→ **Goal of the exercise**:
Take the material below and extract the lines from the one with "den nang luong" through the one with "Público aguarda para", word for word, without pictures.

→ **Provided data**:
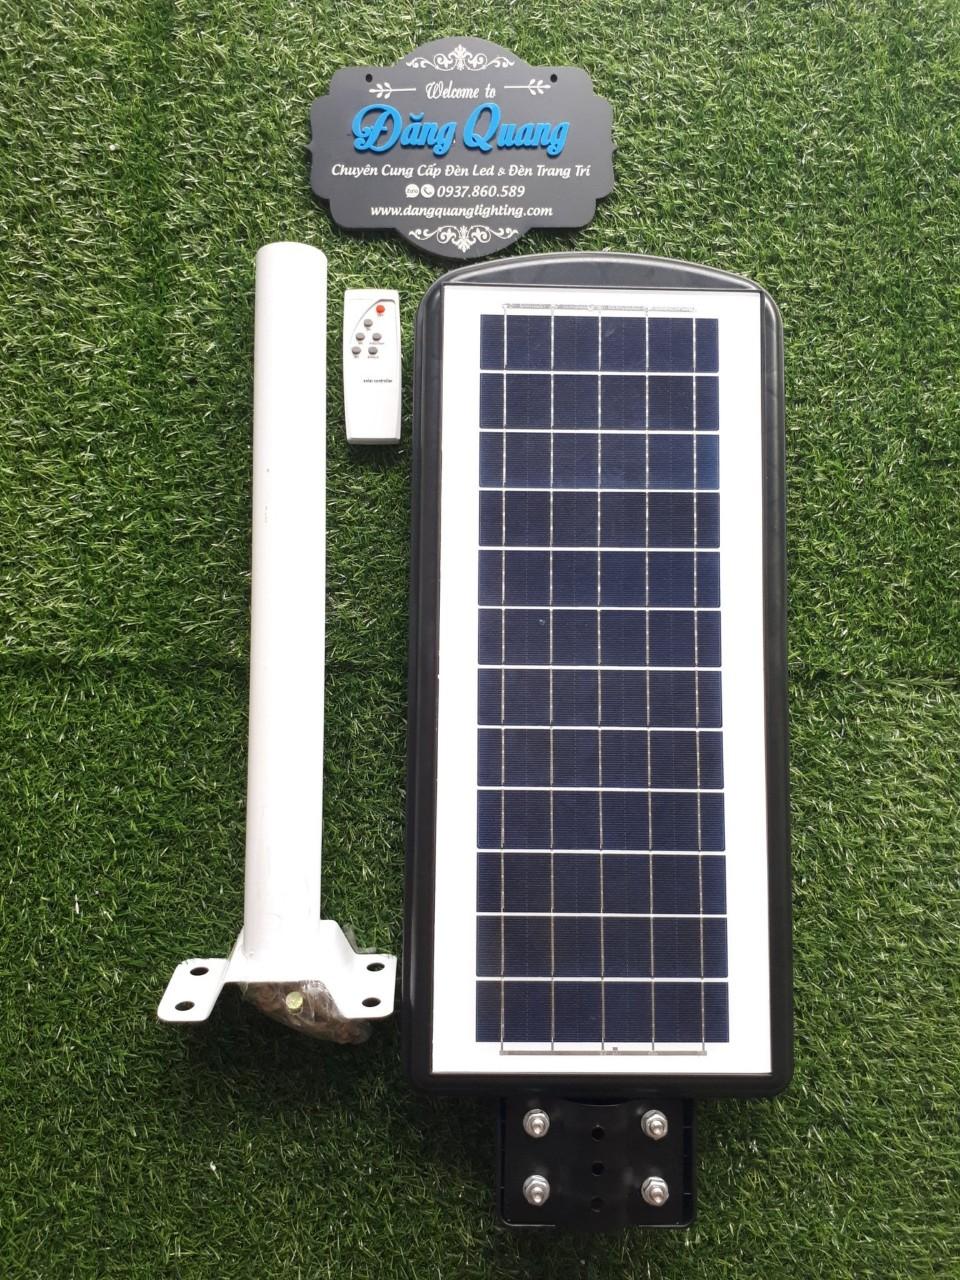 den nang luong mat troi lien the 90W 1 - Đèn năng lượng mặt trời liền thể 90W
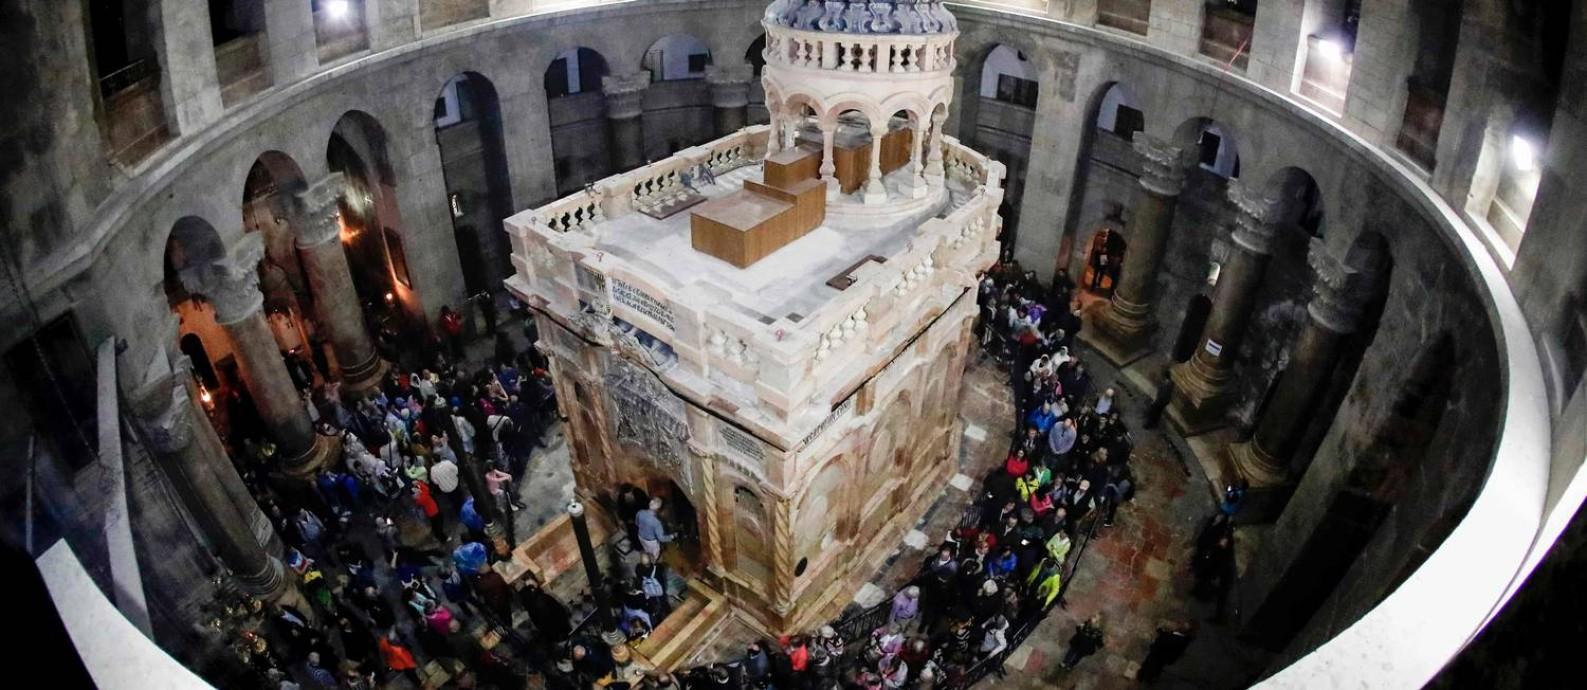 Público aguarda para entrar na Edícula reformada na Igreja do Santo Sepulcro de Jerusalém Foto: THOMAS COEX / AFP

--

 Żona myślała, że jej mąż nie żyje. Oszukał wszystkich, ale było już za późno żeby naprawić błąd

--

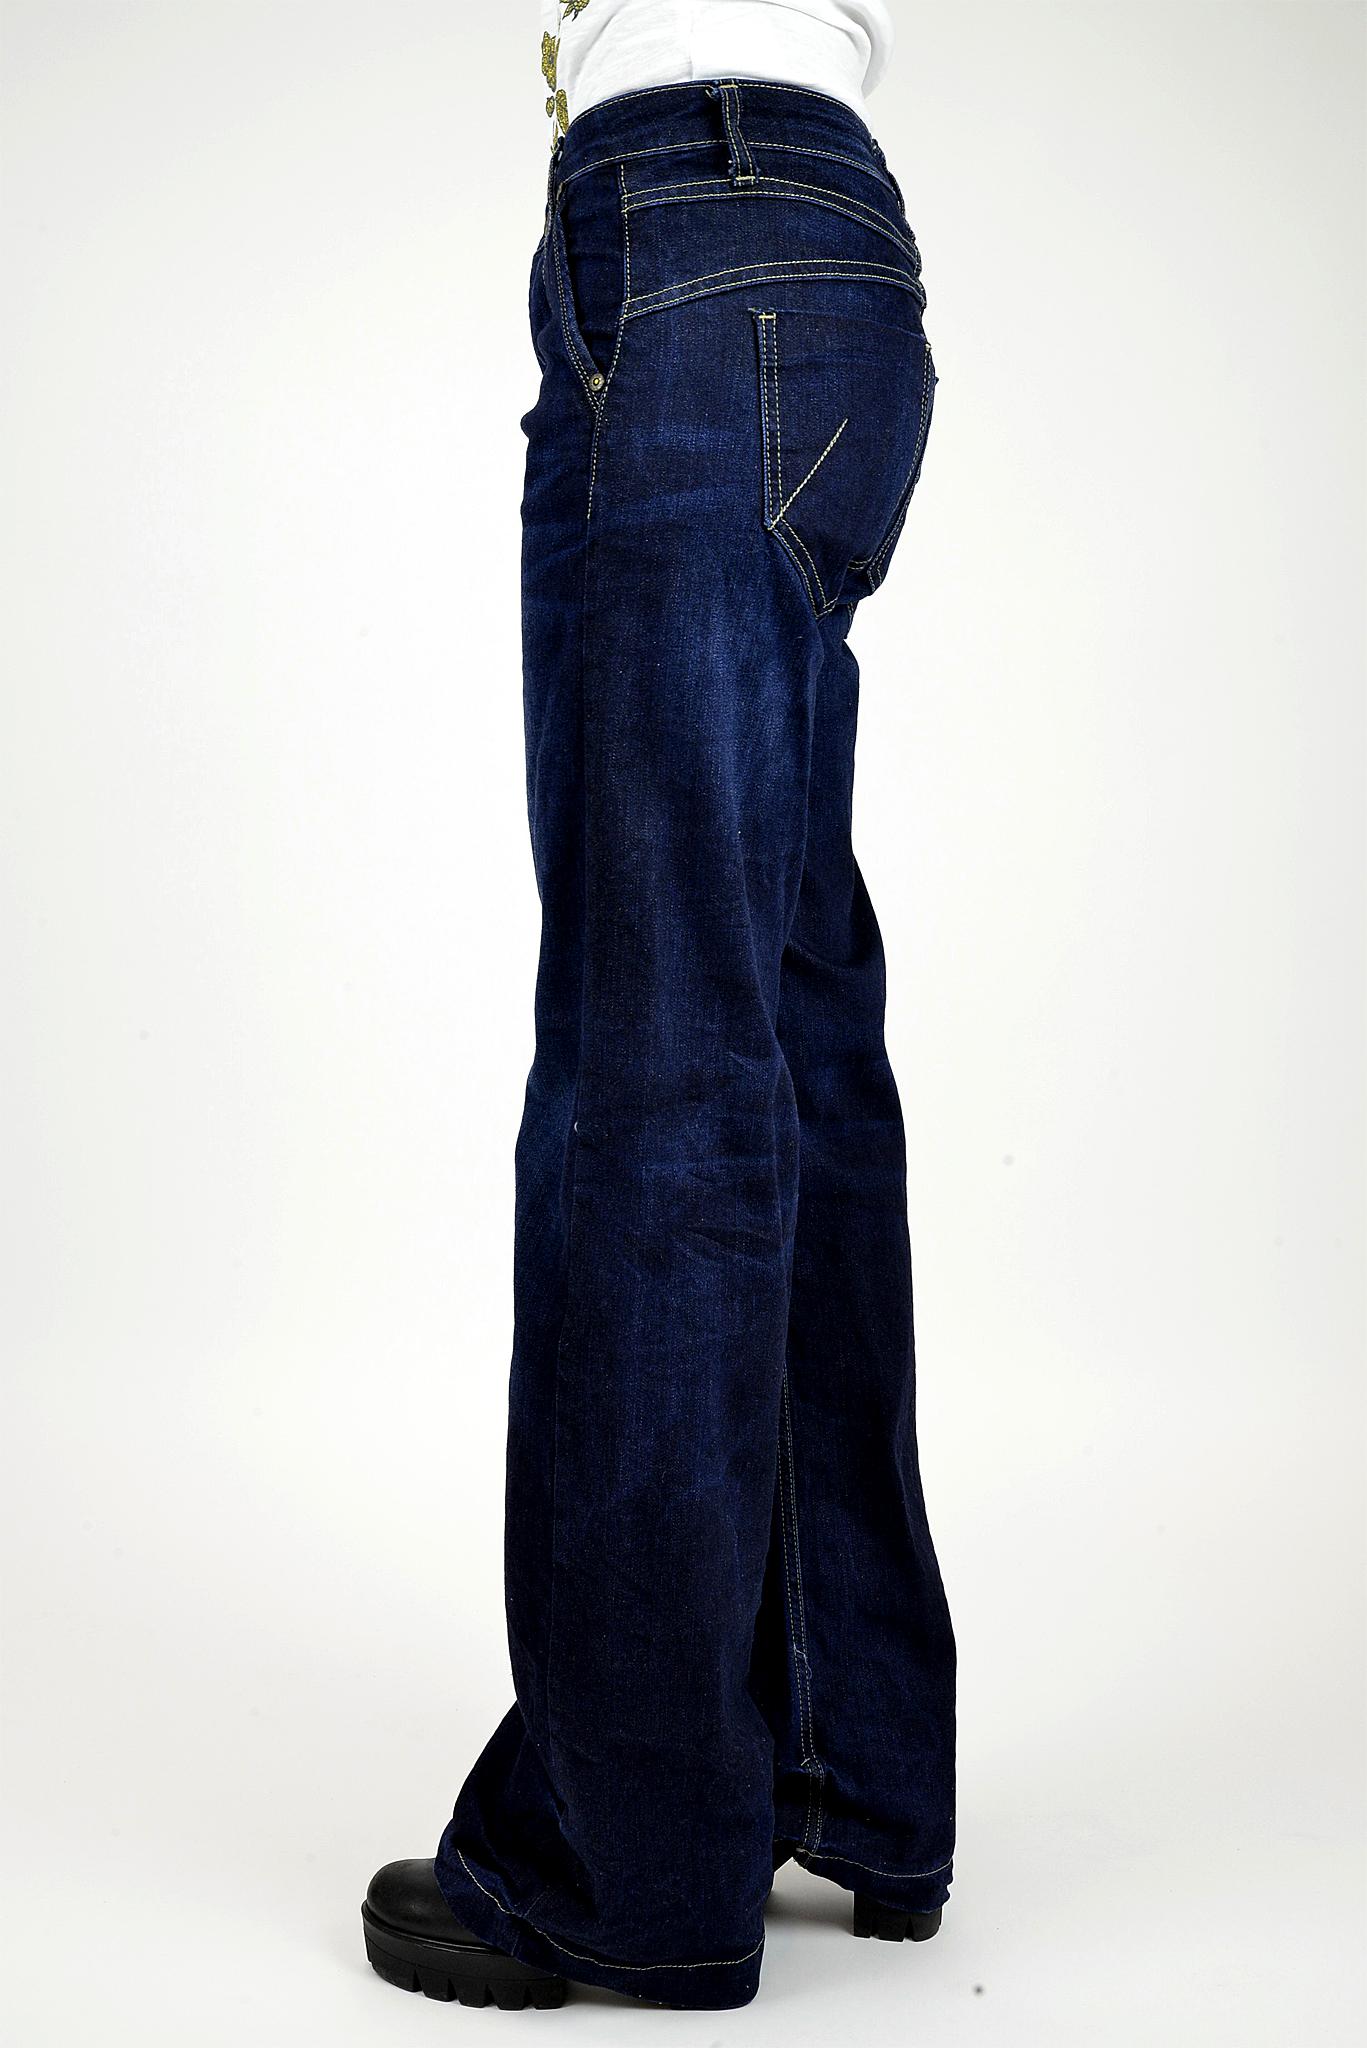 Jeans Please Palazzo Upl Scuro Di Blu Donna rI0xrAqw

→ **Final answer**:
 den nang luong mat troi lien the 90W 1 - Đèn năng lượng mặt trời liền thể 90W
 Público aguarda para entrar na Edícula reformada na Igreja do Santo Sepulcro de Jerusalém Foto: THOMAS COEX / AFP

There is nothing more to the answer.